Mavatar CEO Susan Akbarpour spoke on a panel at the 36th Annual Monetary and Trade Conference in Philadelphia on April 19, 2018, urging legislators to define the Utility Tokens for start-ups that are leveraging cryptocurrencies to remove a bottleneck from their innovative technology platforms.

The event was held by Drexel University’s LeBow College of Business, the Global Interdependence Center and the Federal Reserve Bank of Philadelphia.

Mavatar CEO Susan Akbarpour discussed how crypto and ICOs can be regulated in a safe way for investors.

Susan was part of the panel titled, “Bitcoin and Other Cryptocurrencies.” Other speakers on the panel included David Mills of the Board of Governors of the Federal Reserve System, Kim Hunyh of Bank of Canada and Will Cong of University of Chicago.

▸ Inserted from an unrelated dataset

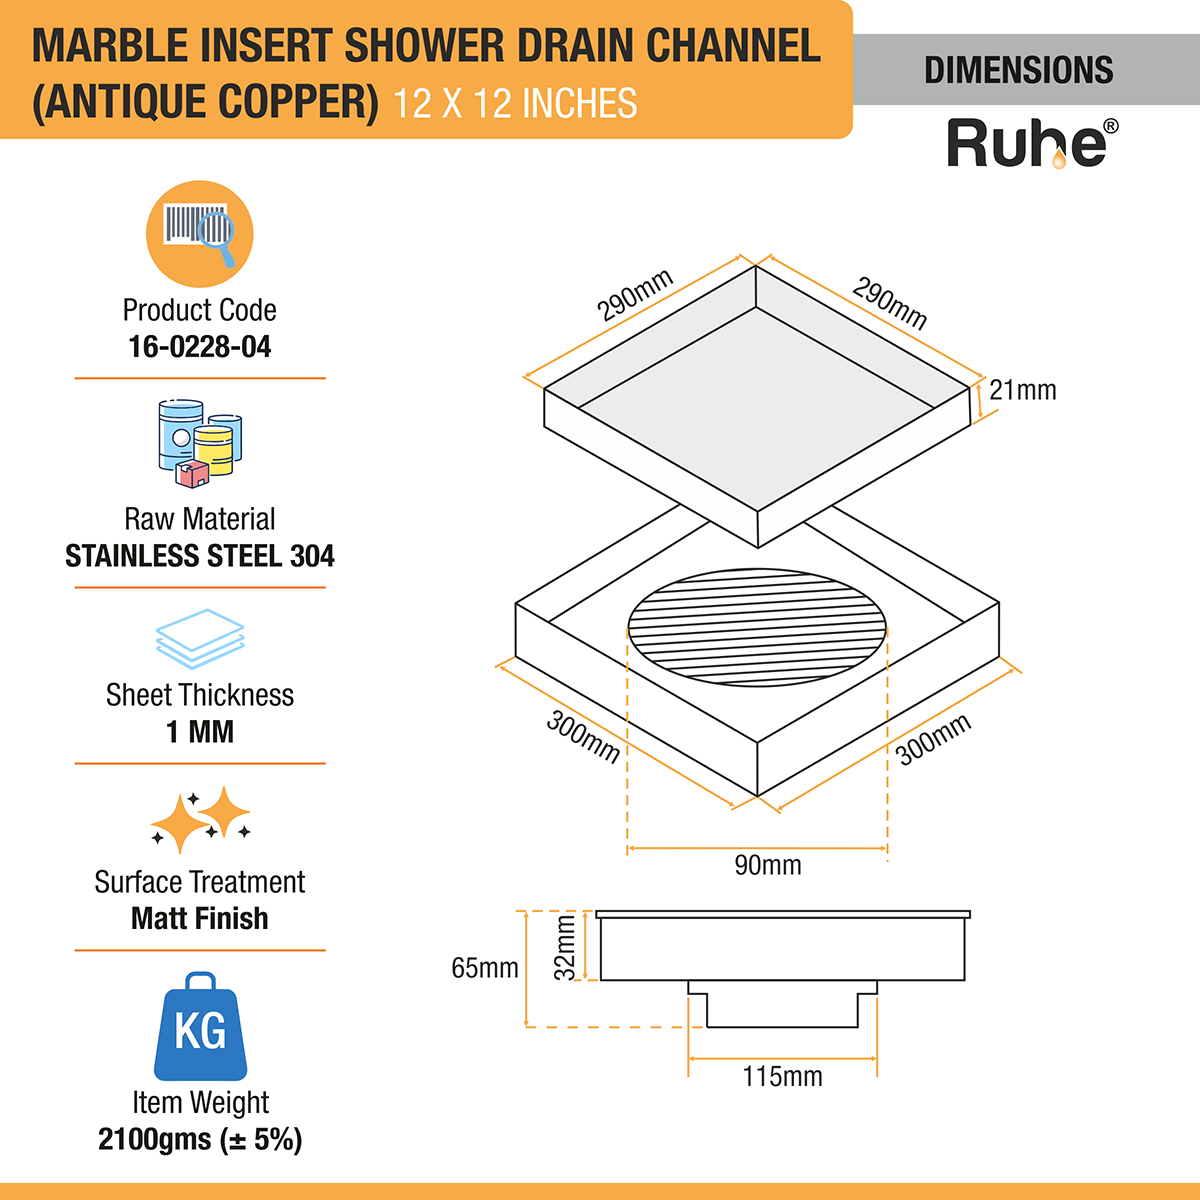 Marble Insert Shower Drain Channel (12 x 12 Inches) ROSE GOLD/ ANTIQUE COPPER dimensions and size

One of the primary topics of discussion was how to make crypto safer for investors. While many agree it is a way to raise capital risk, crypto and ICOs which come with a litany of risks including legal, settlement, operational and fraud, also can save the legitimate technologies, teams and startups that deserve surviving, raising enough capital from a greater community of investors.

Multiple speakers pressed on the fact that it makes it difficult to know how or when government and regulation should get involved when overall ICOs still account for a small fraction of investments. Only $6 billion was raised by ICOs in 2017 compared to $141 billion for IPOs.

Enforcing regulations on the process of decentralization of the networks seems like an oxymoron, however if done via integration with smart contracts and aligned with this innovative paradigm shift, regulations could be a transparent and solid way to protect investors while improving economic growth.